§ INFORMATION SHOWN
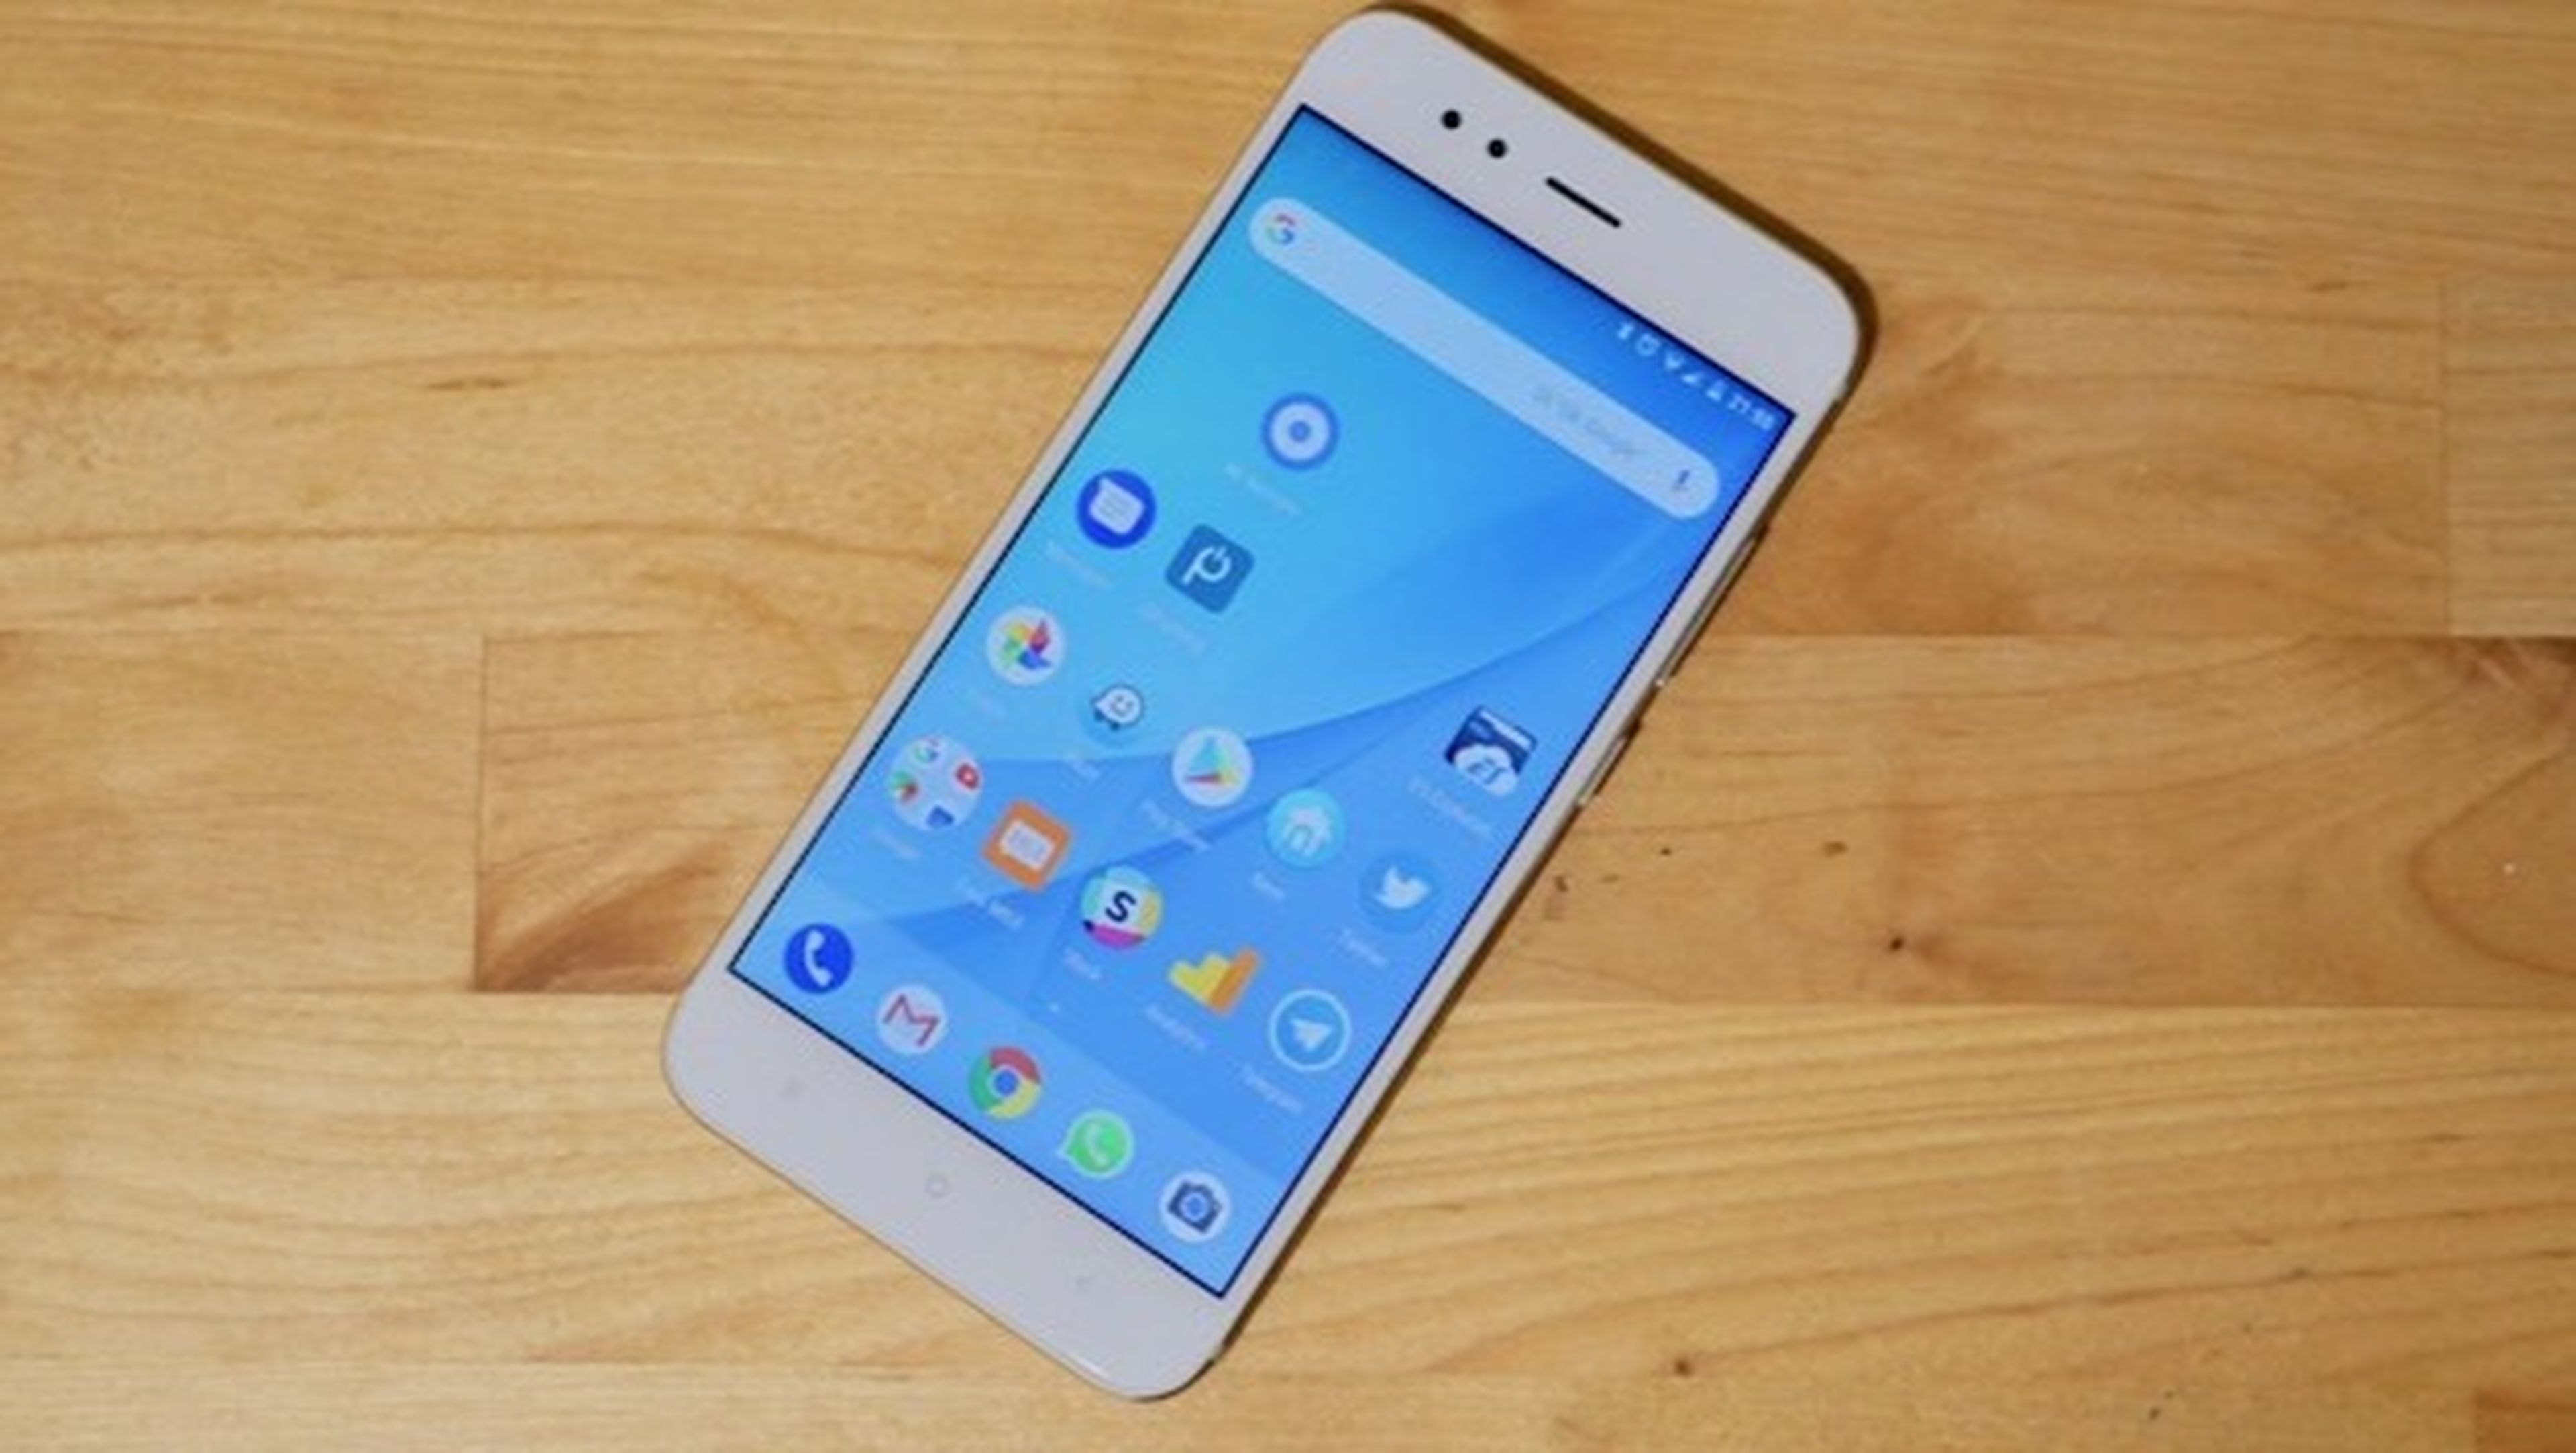 El Xiaomi Mi A1 tiene carga rápida gracias a Android Oreo.
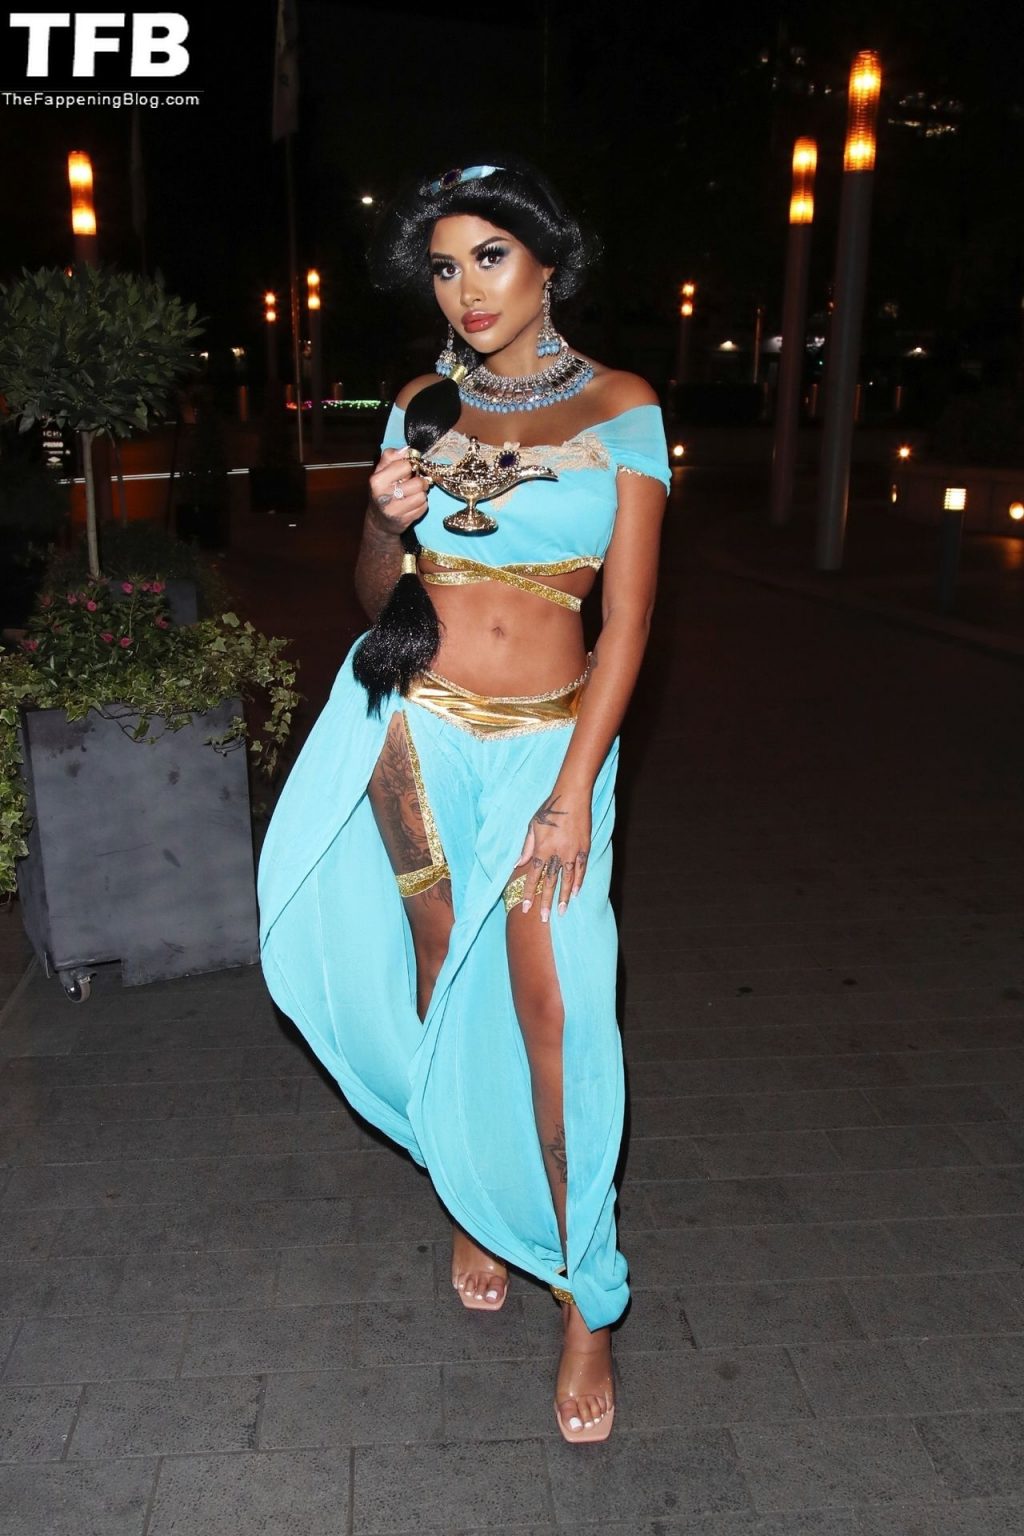 Nikita Jasmine Looks Stunning as Princess Jasmine from “Aladdin” (10 Photos)
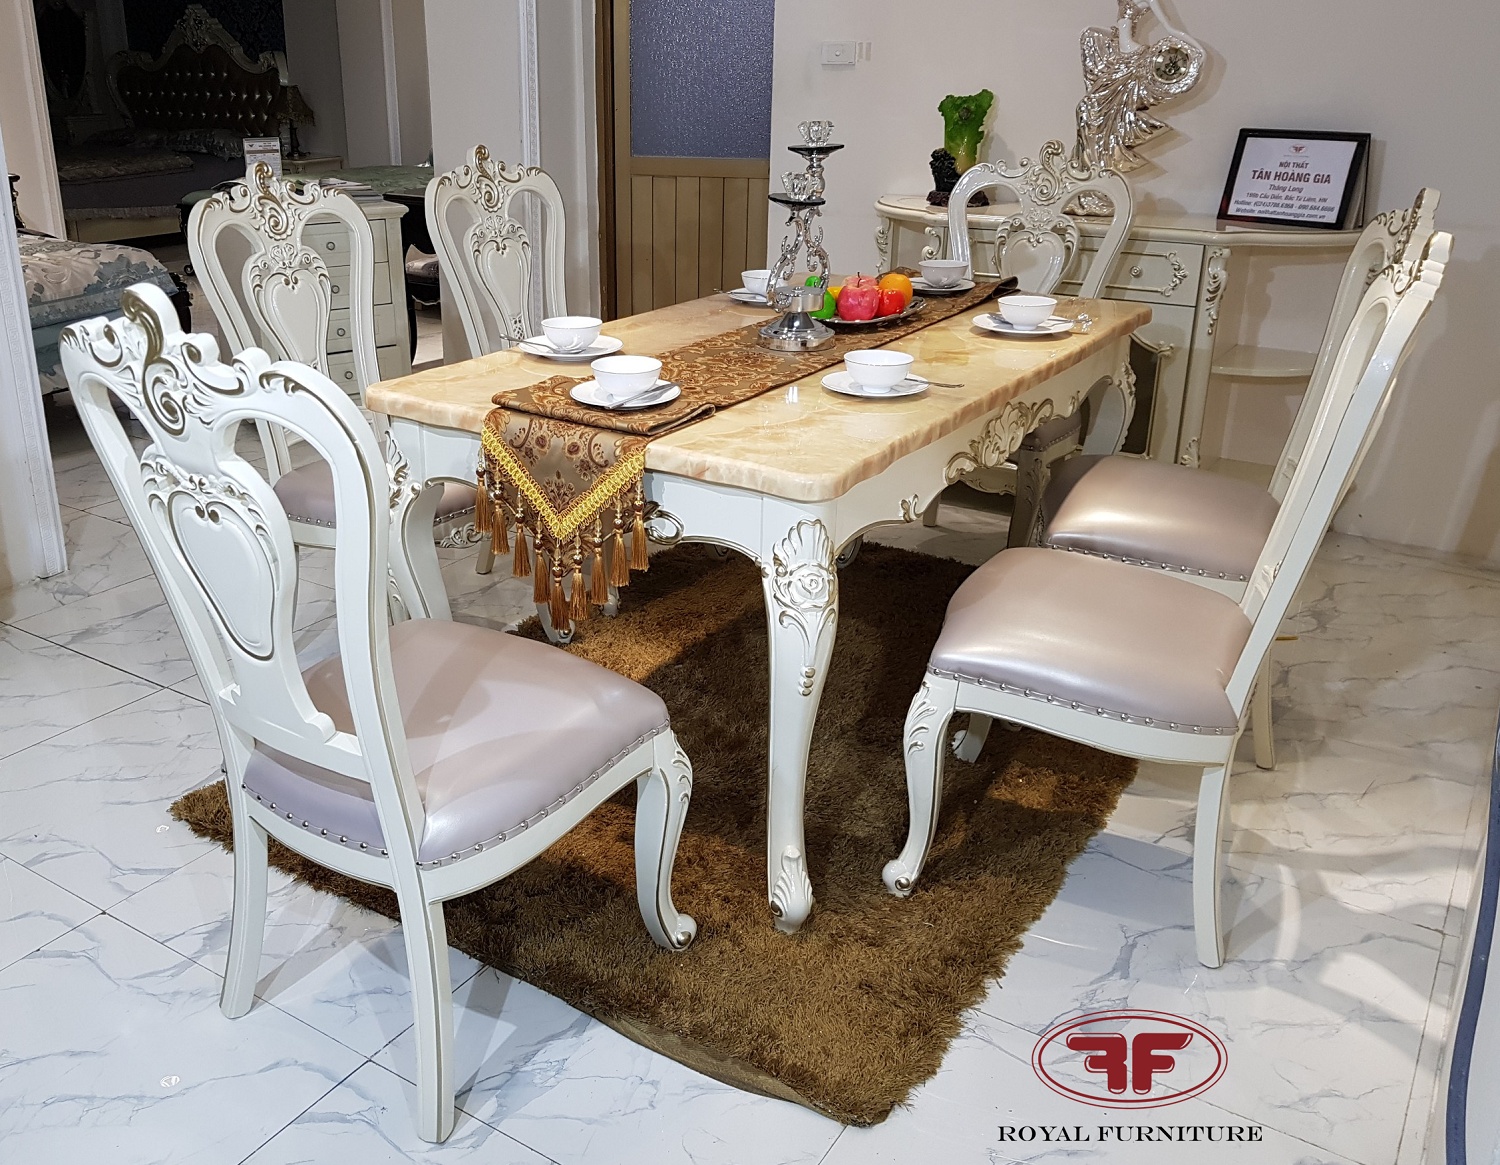 Với thiết kế mặt đá hình chữ nhật đẹp mắt và chất liệu cao cấp, bộ bàn ghế ăn tân cổ điển sẽ đem lại cho căn phòng ăn của bạn vẻ đẹp ấn tượng và độc đáo.

§ PROBLEM DETAILS
Transcribe all of the material exactly, leaving out whatever pictures it contains.

§ TASK RESULT
 El Xiaomi Mi A1 tiene carga rápida gracias a Android Oreo.
 Nikita Jasmine Looks Stunning as Princess Jasmine from “Aladdin” (10 Photos)
 Với thiết kế mặt đá hình chữ nhật đẹp mắt và chất liệu cao cấp, bộ bàn ghế ăn tân cổ điển sẽ đem lại cho căn phòng ăn của bạn vẻ đẹp ấn tượng và độc đáo.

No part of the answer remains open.